**Data provided**
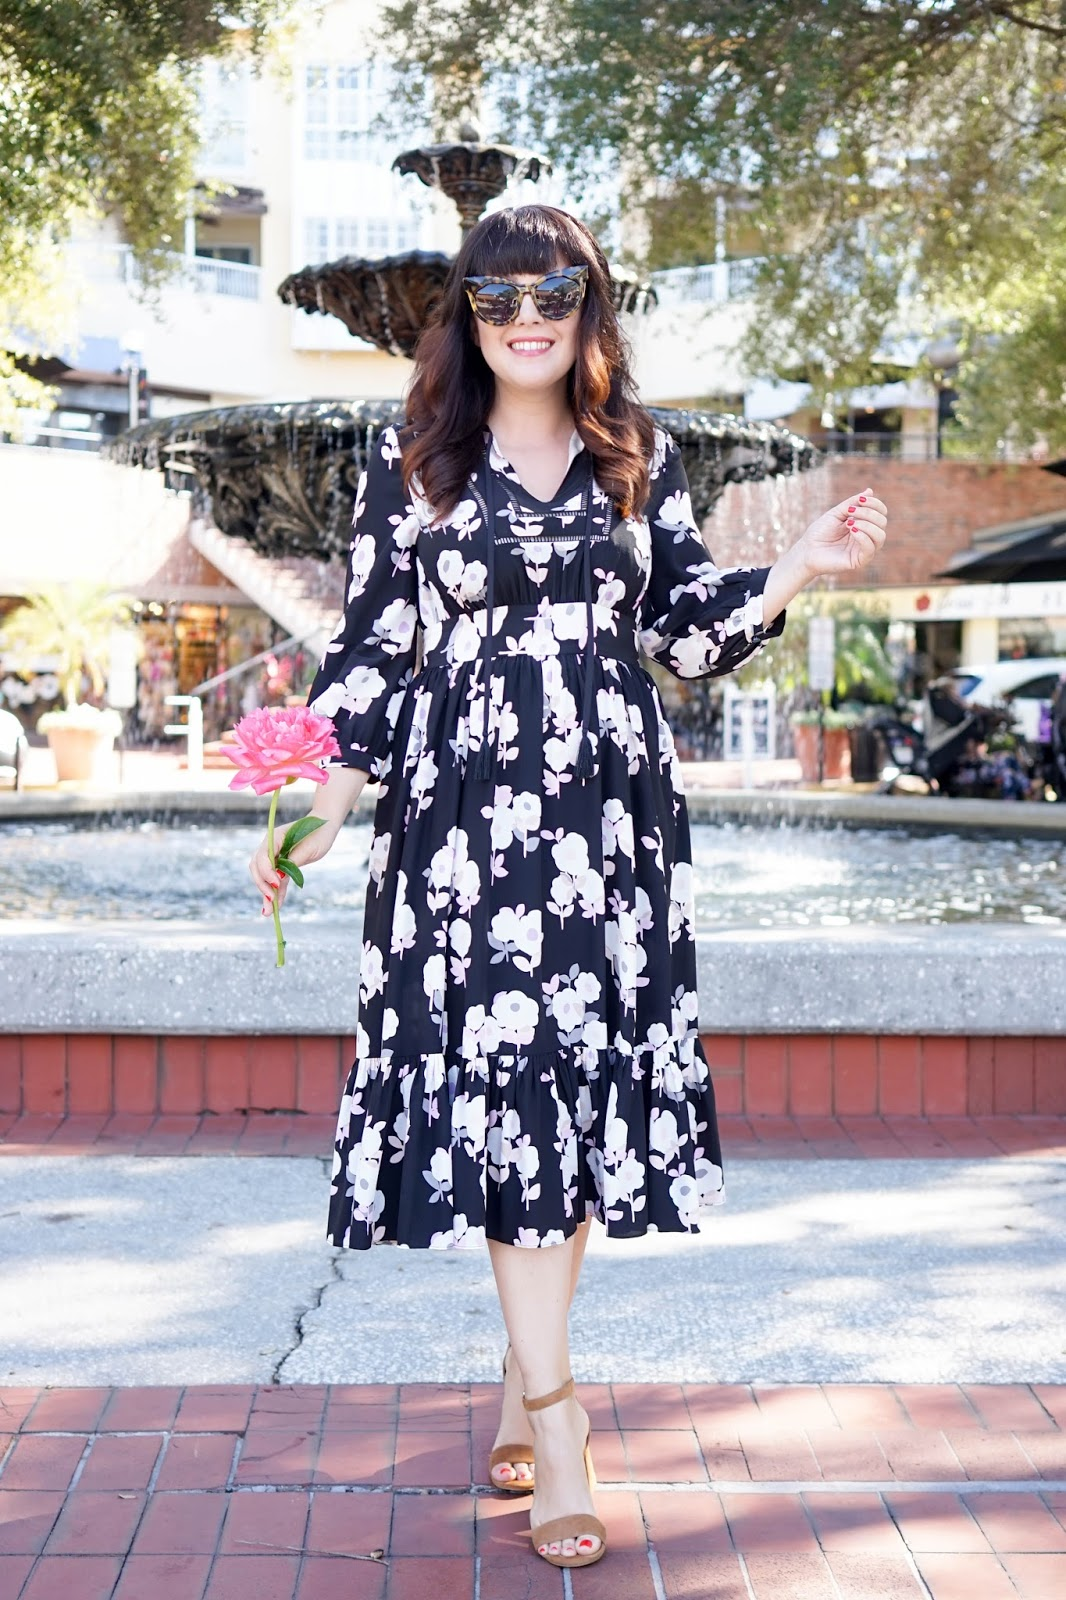 Kate Spade Dress, Hyde Park Village, Tampa
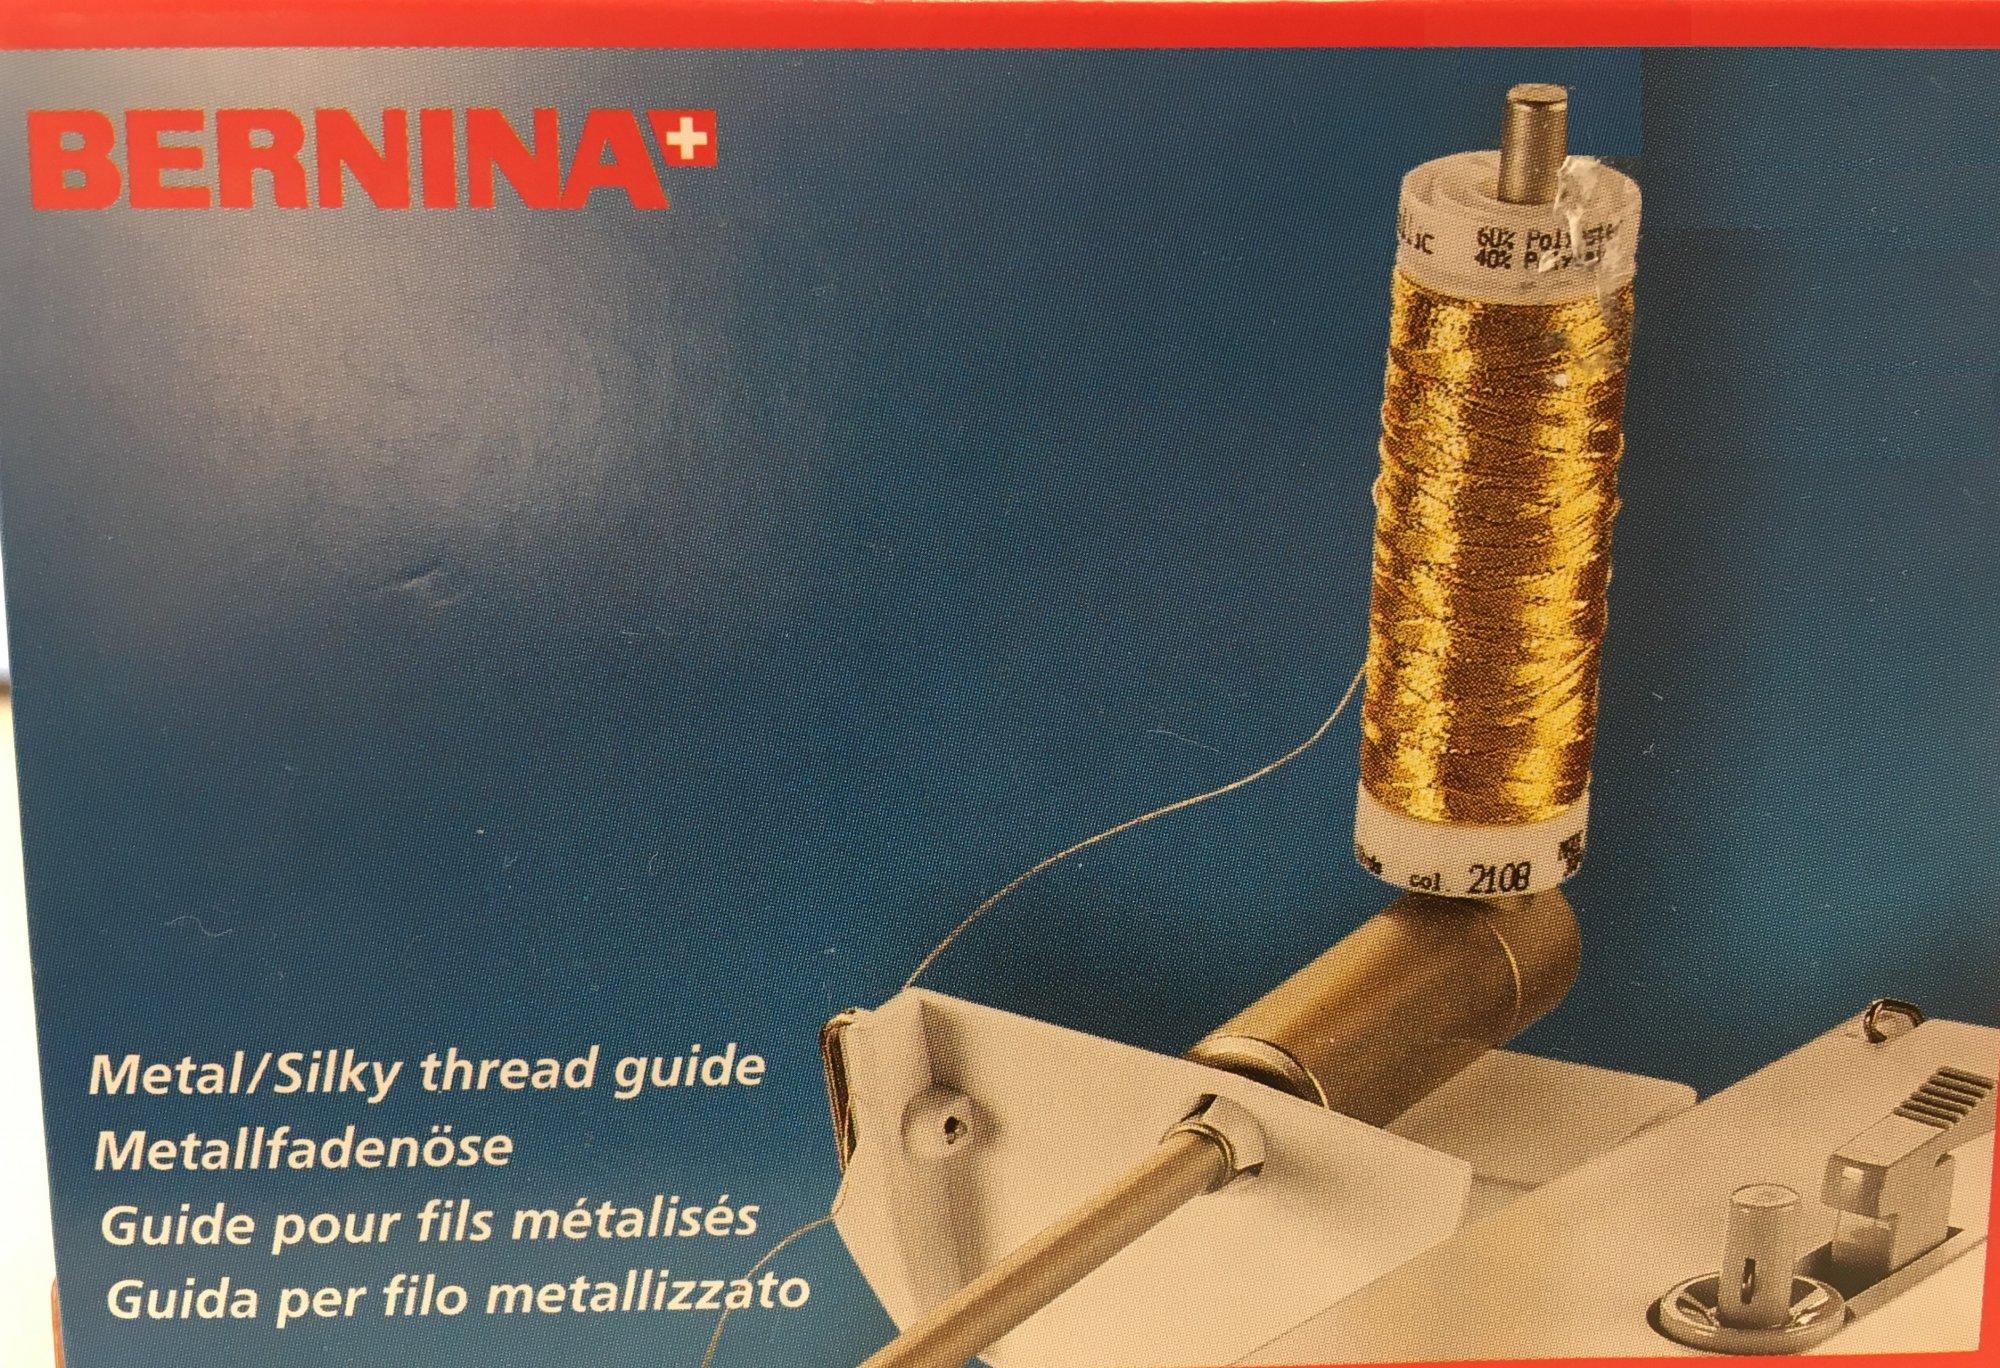 Bernina - #89 Supplementary Thread Guide (Silky/Metallic)
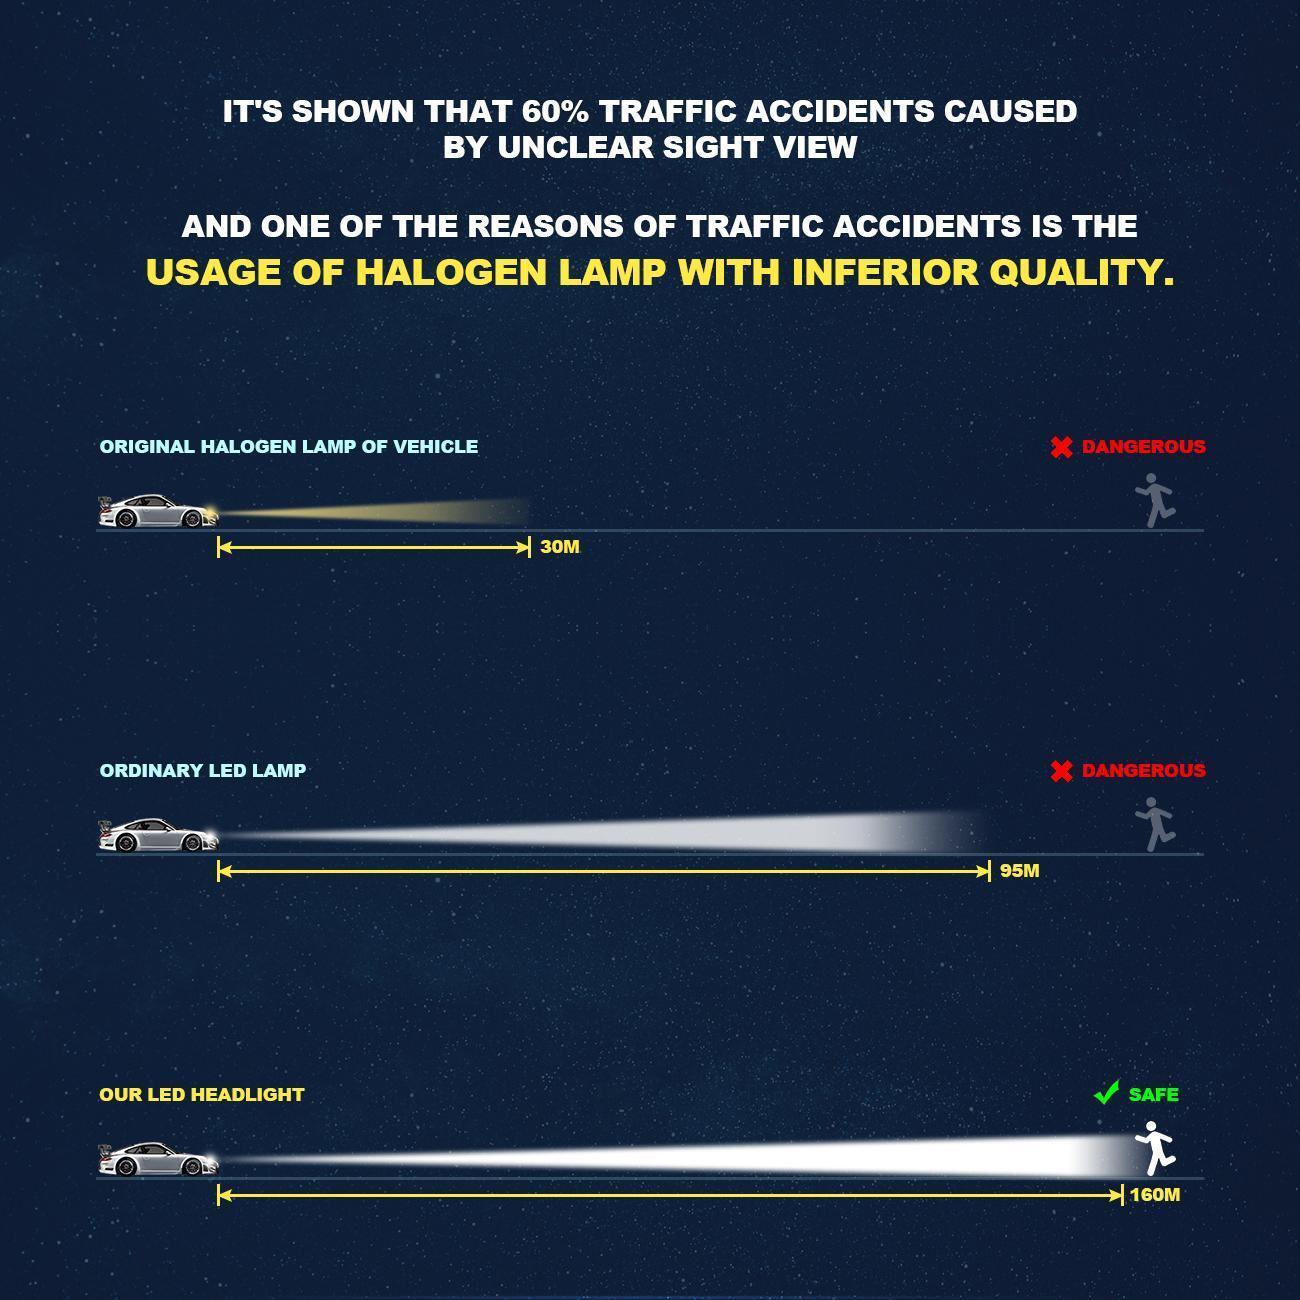 Chevy Trailblazer Headlight Wiring Diagram As Well 2002 Chevy
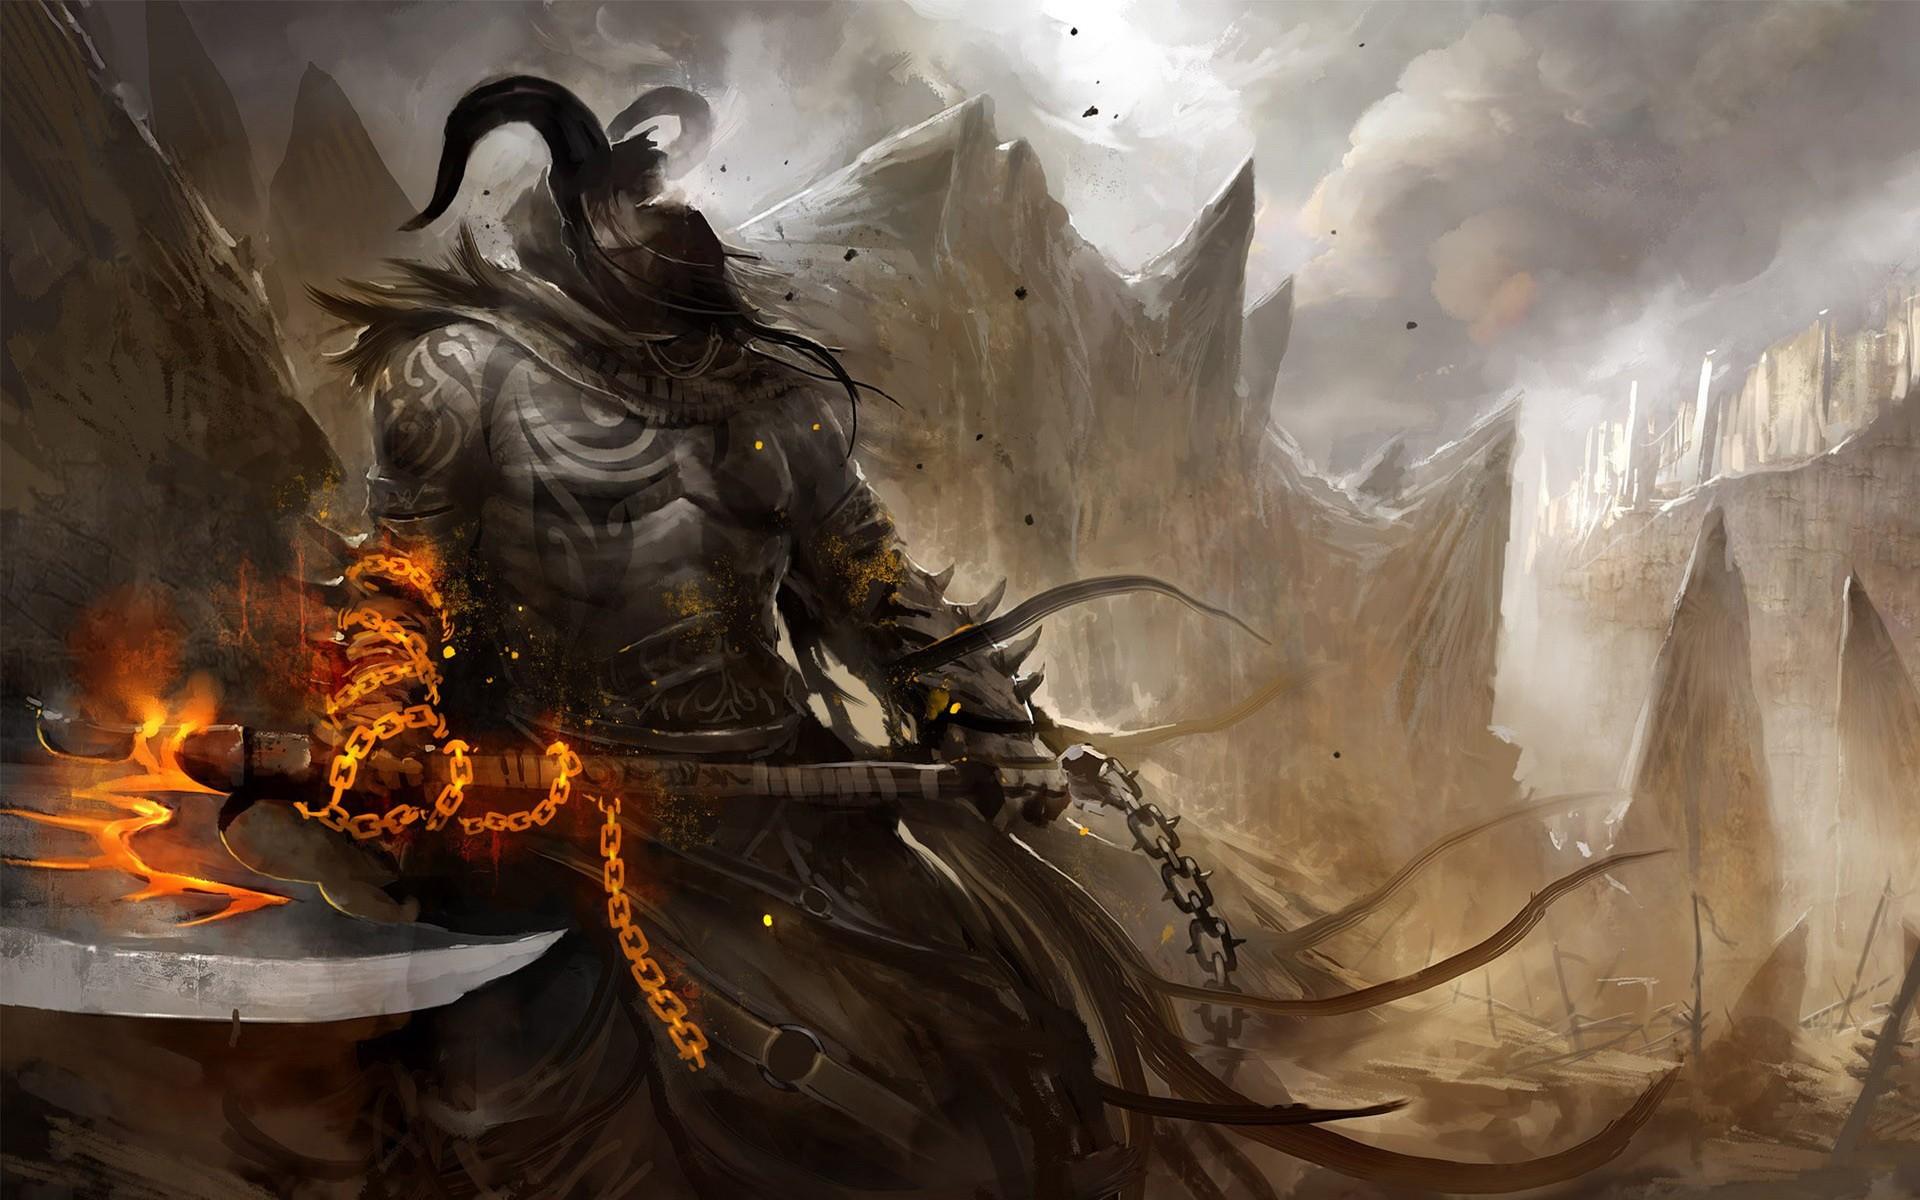 Fantasy desktop wallpaper download free cool full hd - Fantasy desktop pictures ...

**Task directions**
The output consists of exactly the lines from the one containing "Bernina - #89" through the last line of the listing, both included, with no pictures.

**Response box**
 Bernina - #89 Supplementary Thread Guide (Silky/Metallic)
 Chevy Trailblazer Headlight Wiring Diagram As Well 2002 Chevy
 Fantasy desktop wallpaper download free cool full hd - Fantasy desktop pictures ...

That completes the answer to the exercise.